Some might claim that the three examples here are only toy problems, and this technique might not be suitable for more complicated, industry oriented problems.
As the last example, I'd like to tell you my own experience with this.
I recently had to present to my team a relatively complicated algorithm that I created for a feature I was working on.
I didn't have a lot of time to prepare the presentation, and so I decided to adopt the technique I presented here as a way to show my peers what the algorithm does.

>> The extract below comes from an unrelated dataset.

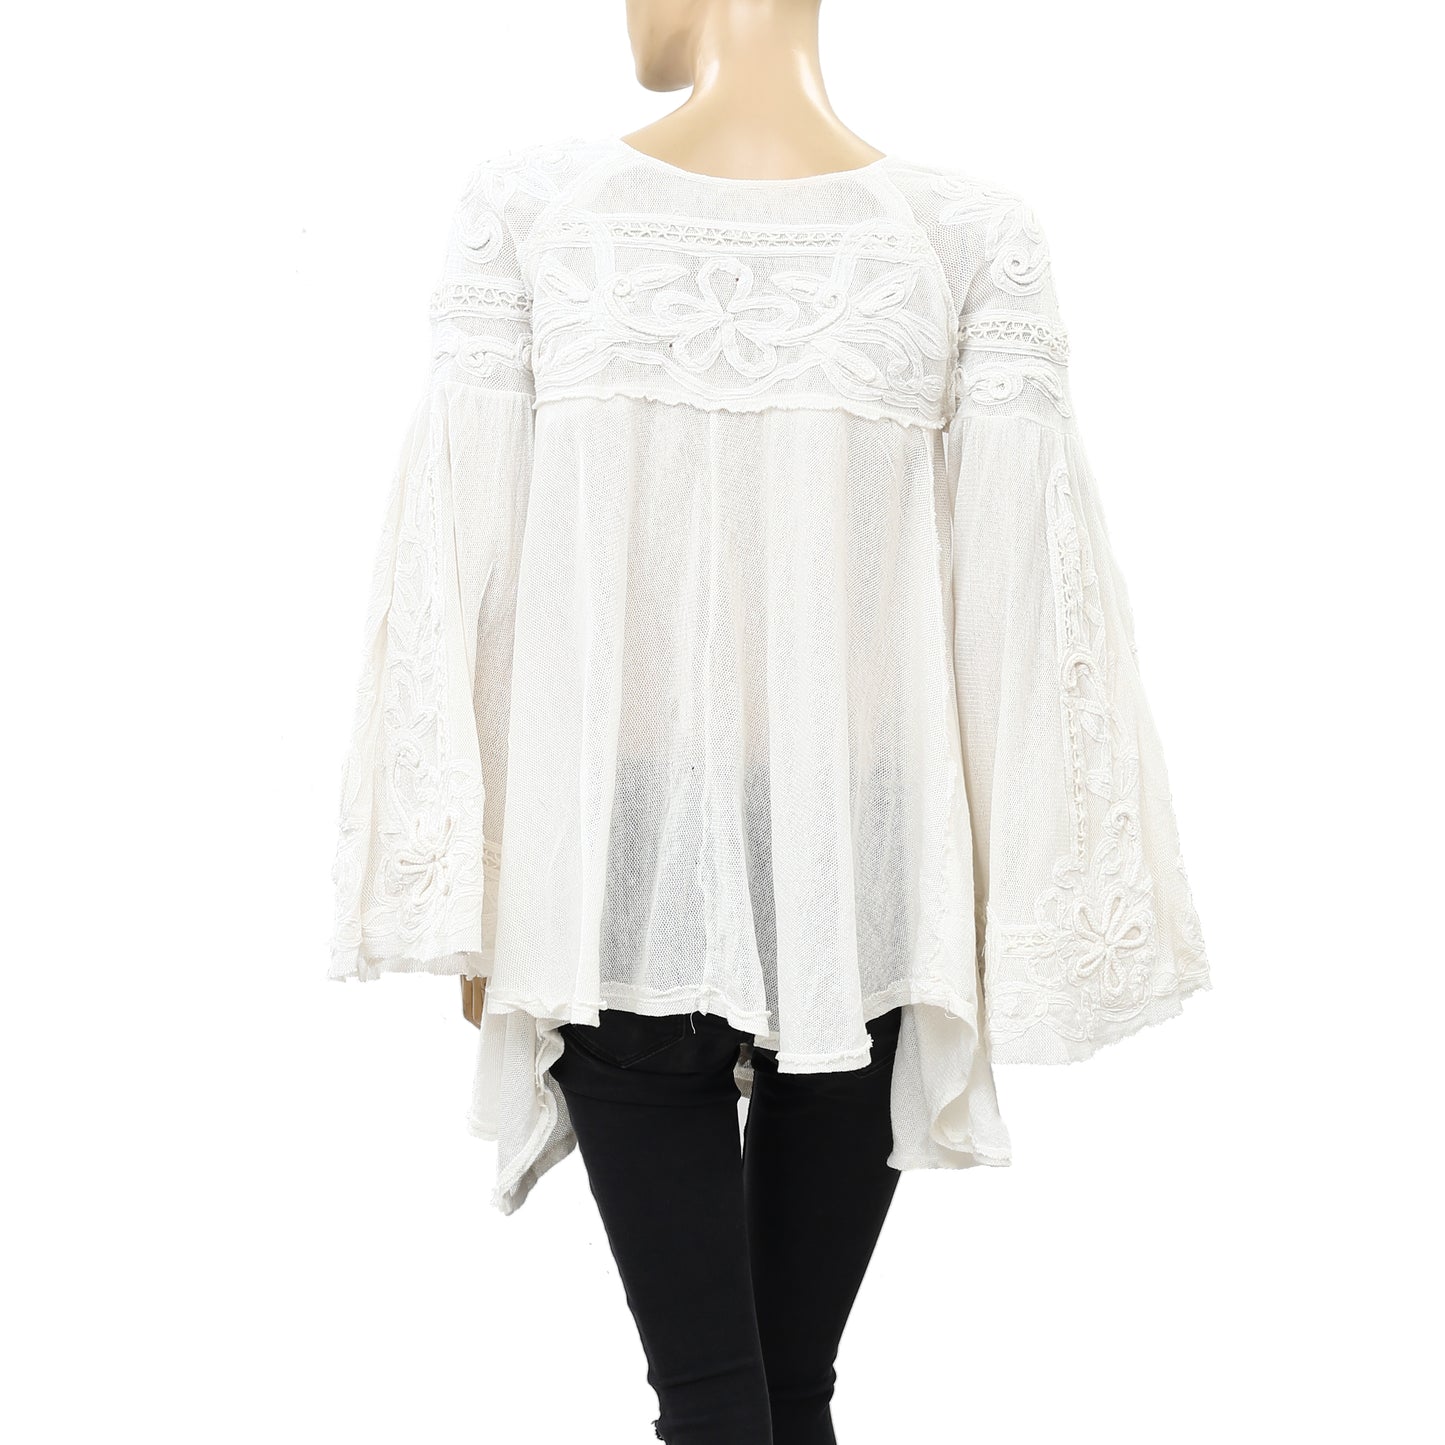 Free People Floral Embroidered Crochet Tunic Top
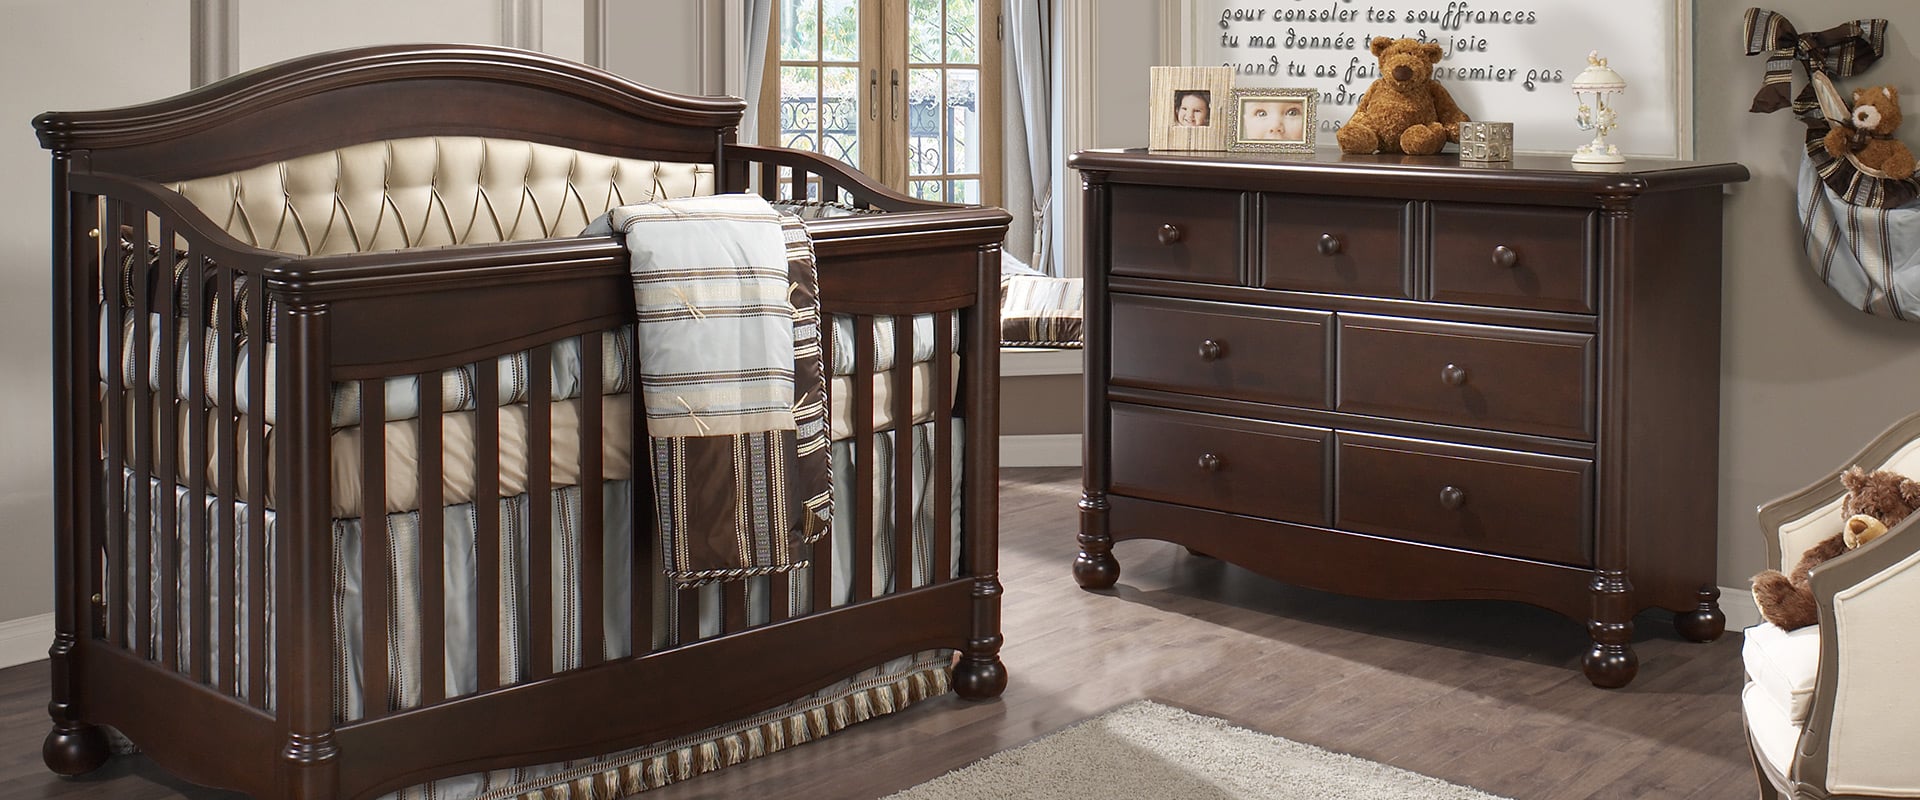 Collection Avalon Furniture Baby Room In Cocoa With Panel In

From my point of view, it was a great success for the following reasons:
1. I was able to create a cohesive and concise presentation in a relatively short time.
2. Through this I was able to verify that my initial assumptions of my design were correct and I was handling all the cases properly.
3. I was able to articulate things in a way that removed any ambiguities: My peers all understood what I was talking about, and I could hear through their questions that things were clear to them.
For me this was a proof that you can use this technique in a broader sense than what I thought of initially.
By continuously practicing solving problems in this way, you force your brain to start thinking like this on every problem you encounter.
By no means am I saying that every problem is suitable for this technique, and it is left to your own judgment to decide when it can be applied and when not.
So to conclude, I would urge everyone to read this book. I would also urge anyone who's interested to practice this technique by solving toy problems and seeing
how it varies from problem to problem.
If anyone reads a book that they feel is mind changing, in the same way that I felt about this book, please leave me a comment here and I'll surely read it.